▸ **PROBLEM REQUIREMENTS**: Your reply should reproduce all the data below exactly while excluding the pictures.

▸ **DATA SHOWN**:
◇ ◇ ◇ ◇
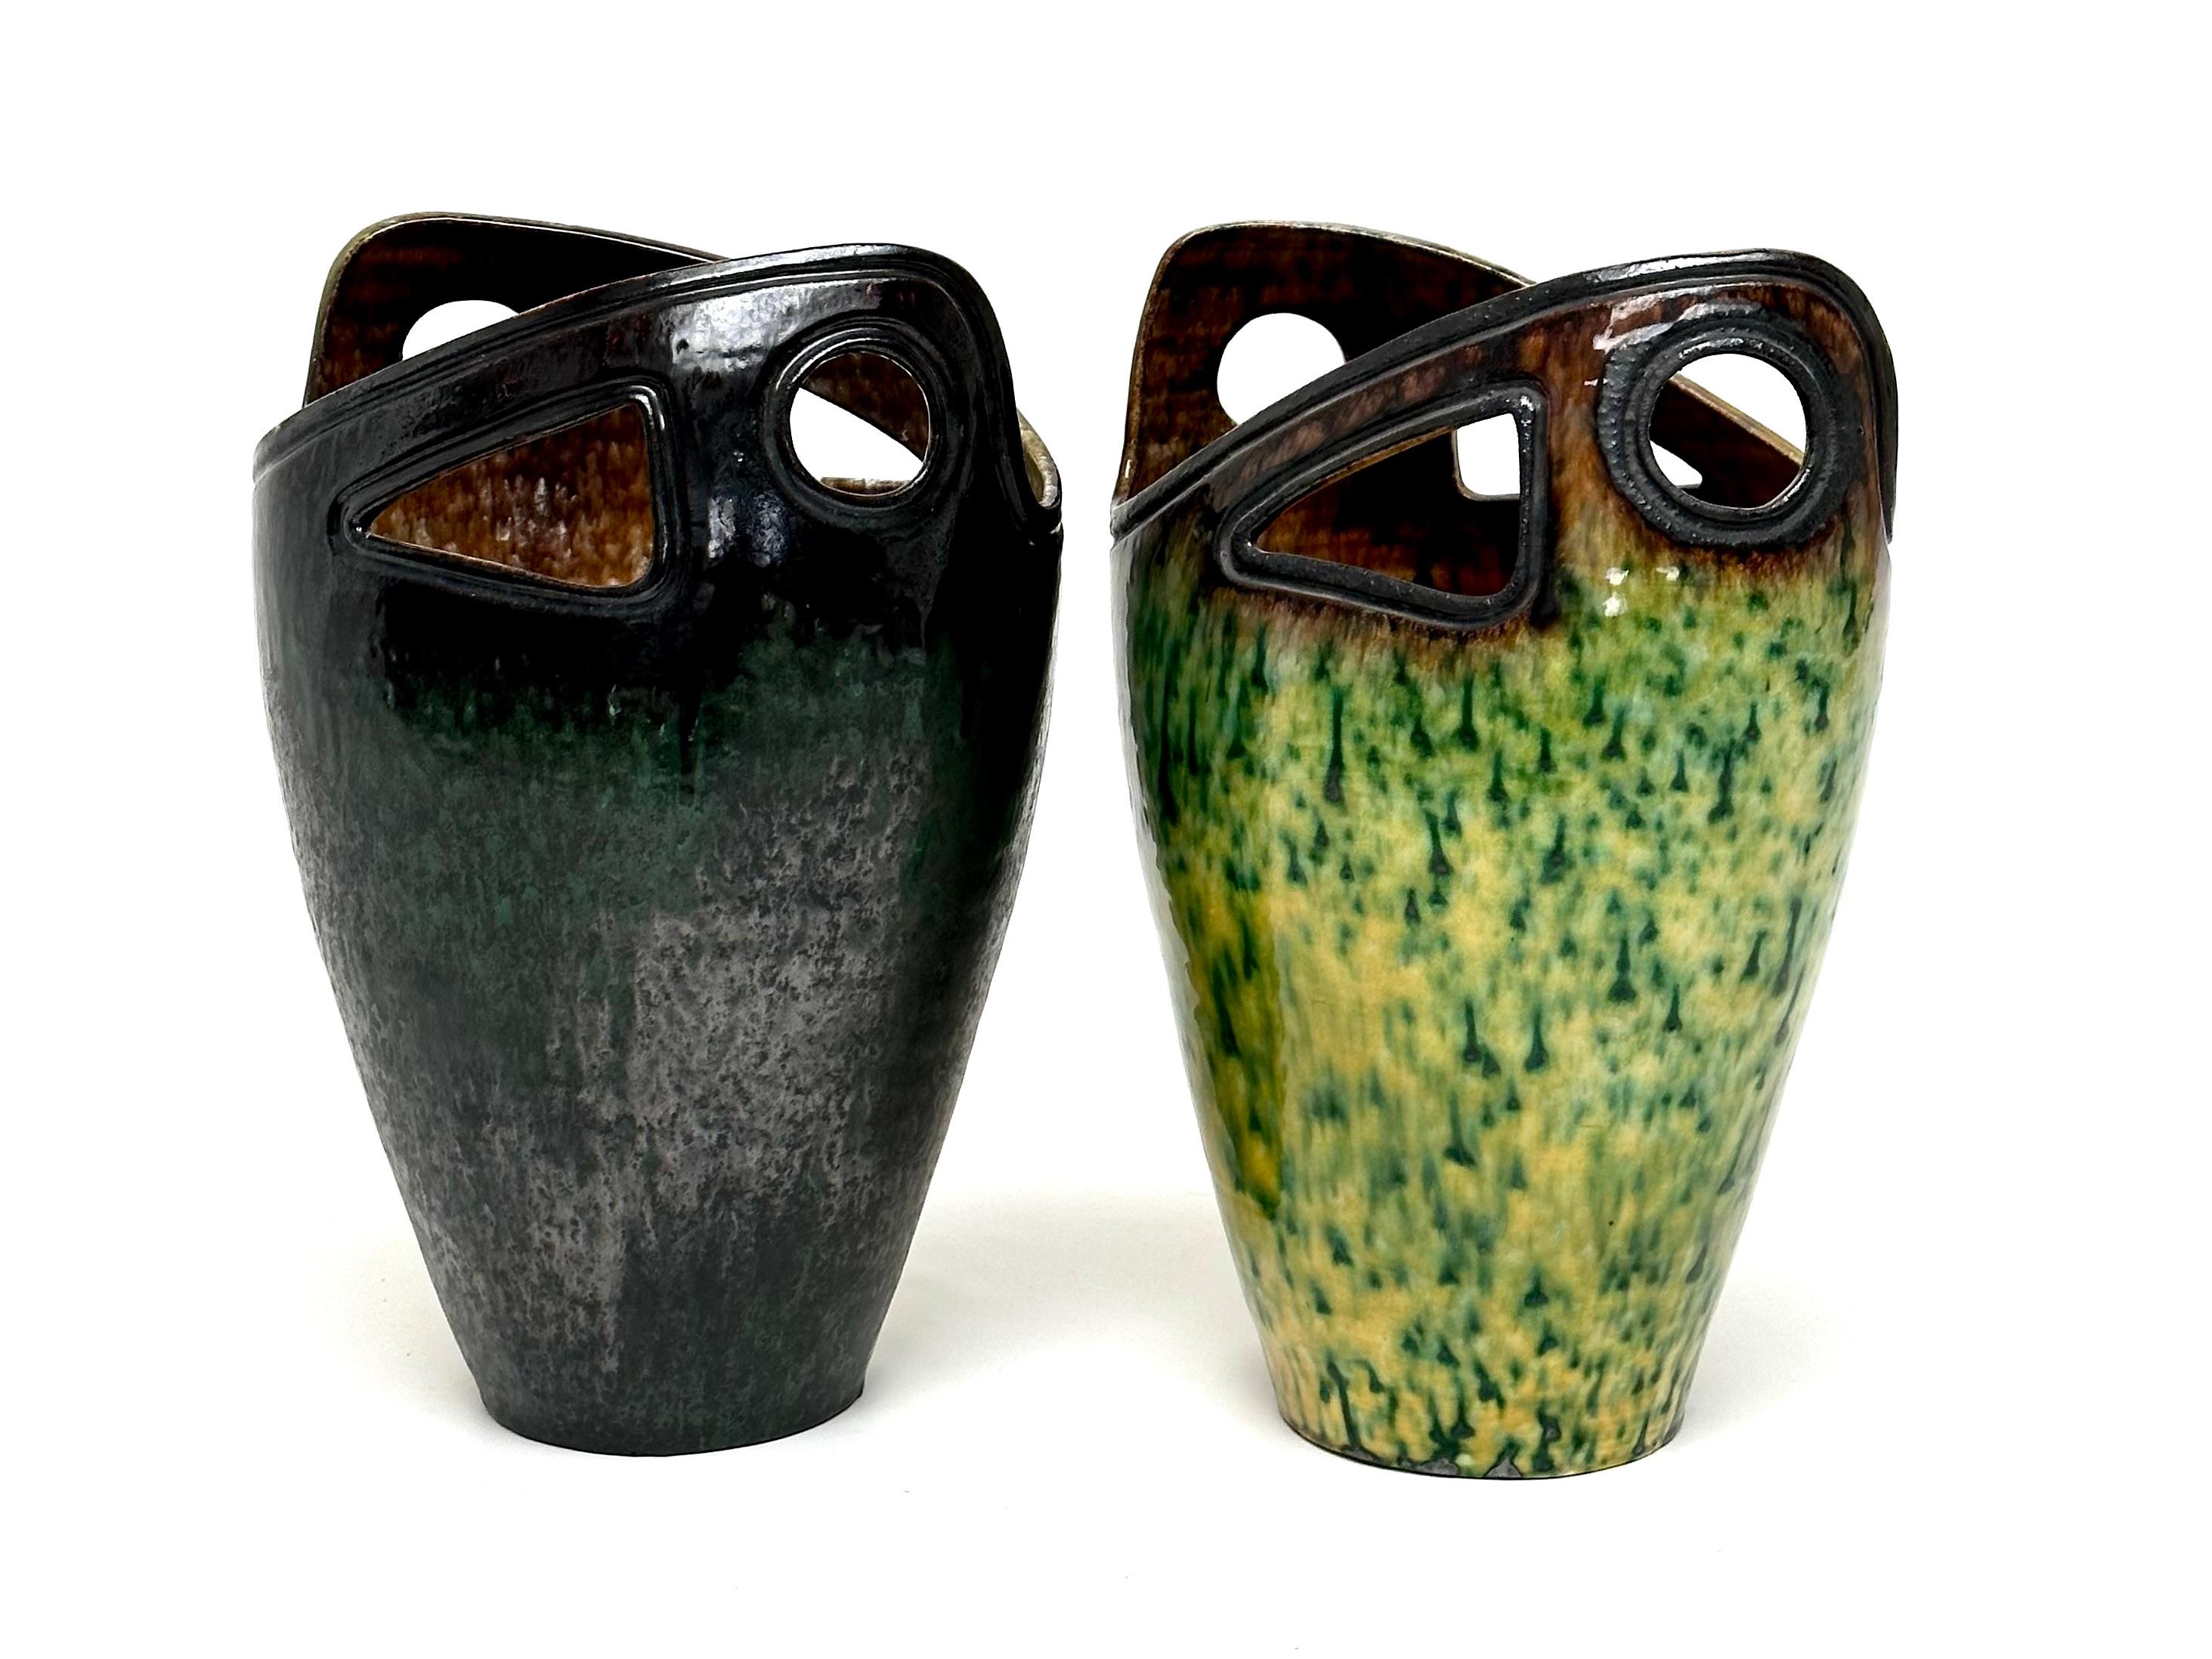 Zwei große, frei geformte Vasen, die im oberen Teil bearbeitet sind.
Eine schöne Balance zwischen einer klassischen Basis und einer Übertreibung der für die 50er Jahre typischen Formen.

Jedes Stück trägt die vollständige Signatur von Accolay, die
◇ ◇ ◇ ◇
▸ **SOLUTION TO THE PROBLEM**:
 Zwei große, frei geformte Vasen, die im oberen Teil bearbeitet sind.
Eine schöne Balance zwischen einer klassischen Basis und einer Übertreibung der für die 50er Jahre typischen Formen.

Jedes Stück trägt die vollständige Signatur von Accolay, die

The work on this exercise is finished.